SARSA / Q-Learning / Double Q Learning

Hello everybody,

I am trying to make SARSA / Q-Learning / Double Q Learning work, but none of them works. Maybe someone can find a mistake in the setup of my problem?

So my world is a simple Markov Model with 2 states and 2 actions.
I modelled x(s,a) as a concatenation of one hot vectors for both, because my states.
I set P[s, a, s’] and R[s, a] so that the ideal policy would be pi(s0) = a0 and pi(s1) = a1. However every algorithm I tried SARSA / Q-Learning / Double Q Learning, it converges to a policy, but not to the optimal one.

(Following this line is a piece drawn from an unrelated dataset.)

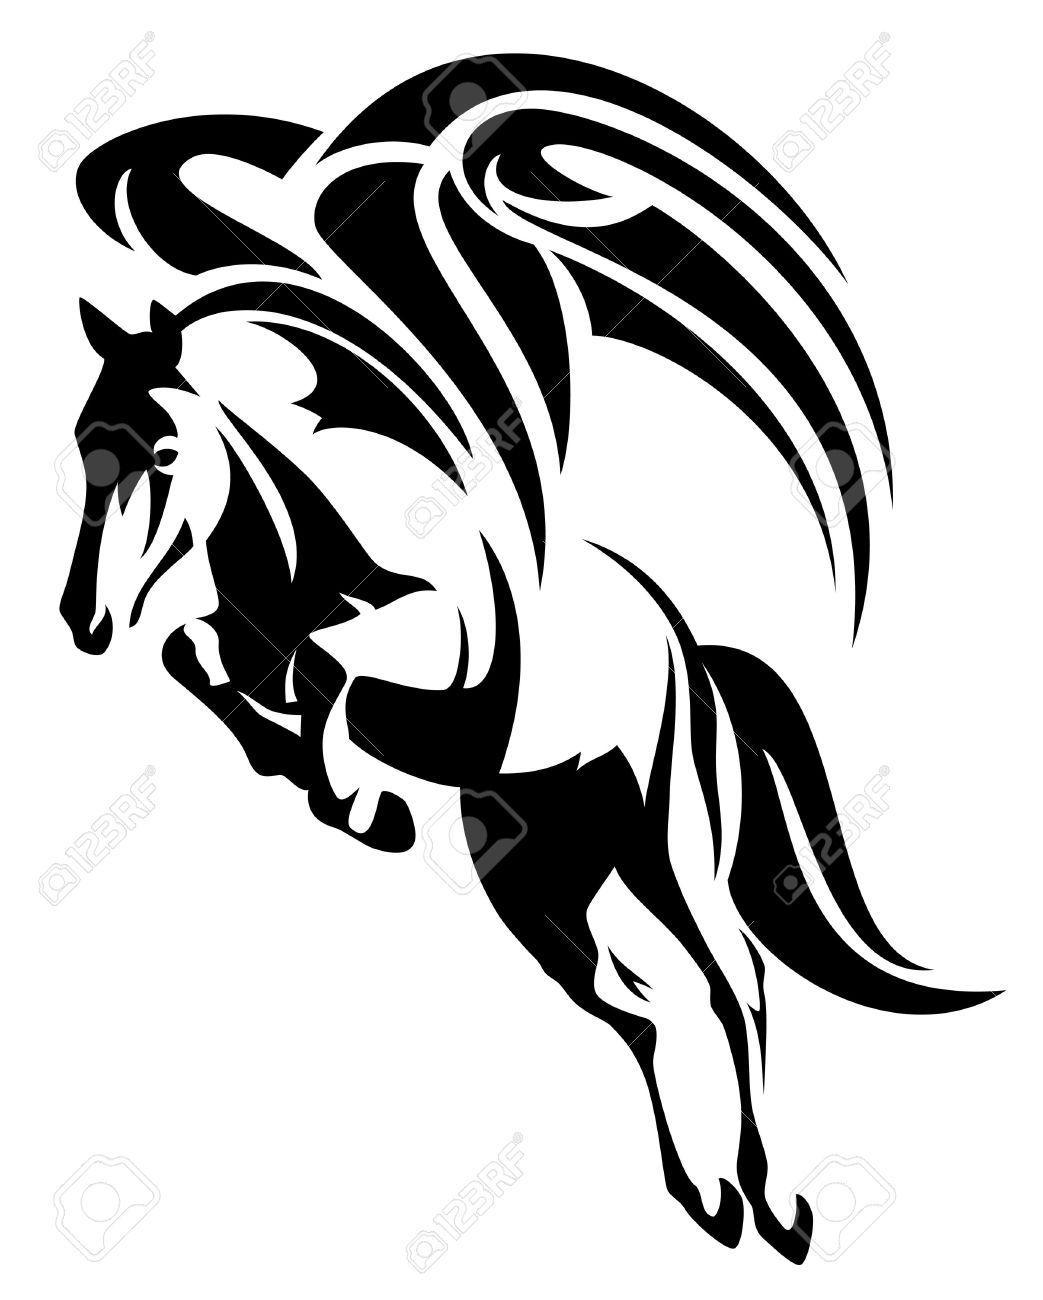 Black Winged Horse Logo - Tattoo. Tattoos, Art, Tattoo designs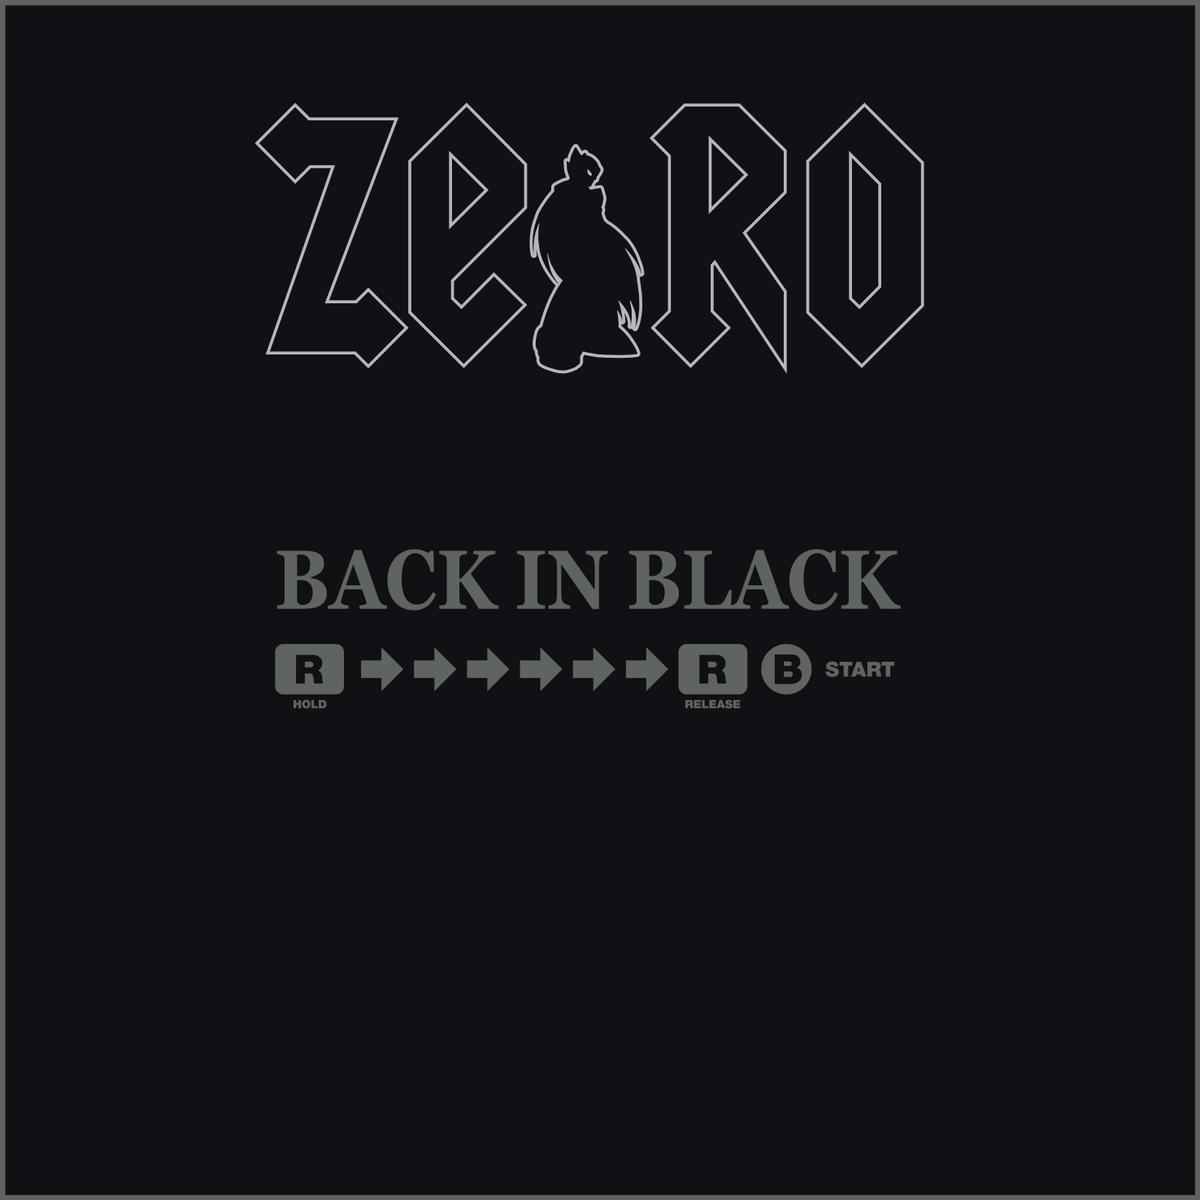 Zero is back in black 🤘 (AC/DC parody ) #MEGAMAN #ロックマン

The interesting thing is that the policy it converges to always has the same action for every state.
I tried every possible value for eps, gamma, learning rate and different periods how often to update the target-weights.

My last hope is, maybe I didn’t understand the formula correctly?
This is my procecudure:

  1. set requires_grad=False on all parameters of Q_target
  2. sample a, observe (s,a,r,s’)
  3. calculate Y and Q= max Q(s,a) and a_max = argmax Q(s,a)
  4. update agent policy (1-eps) → a_max, (eps) → other action
  5. loss = (Y - Q)**2
  6. loss.backward(), optimizer.step(), optimizer.grad_zero()

after couple timesteps copy weights from Q to Q_target

So I found one error, which is that my network takes concat[s, a] as an argument and outputs a scalar Q. I’ve literally followed the stanford theory lecture, why can’t people indicate the implementation in their damn math formulas?
So this brings me to the question, how do we extract the right Q value in regards to keeping the gradient flow without problems?
Just “Q[a]” , or something like “torch.dot(Q, one_hot(a))”?

Same goes for this part of double DQN:
image
Should we propagate the gradient of the Q network, which is nested inside the Q_target network?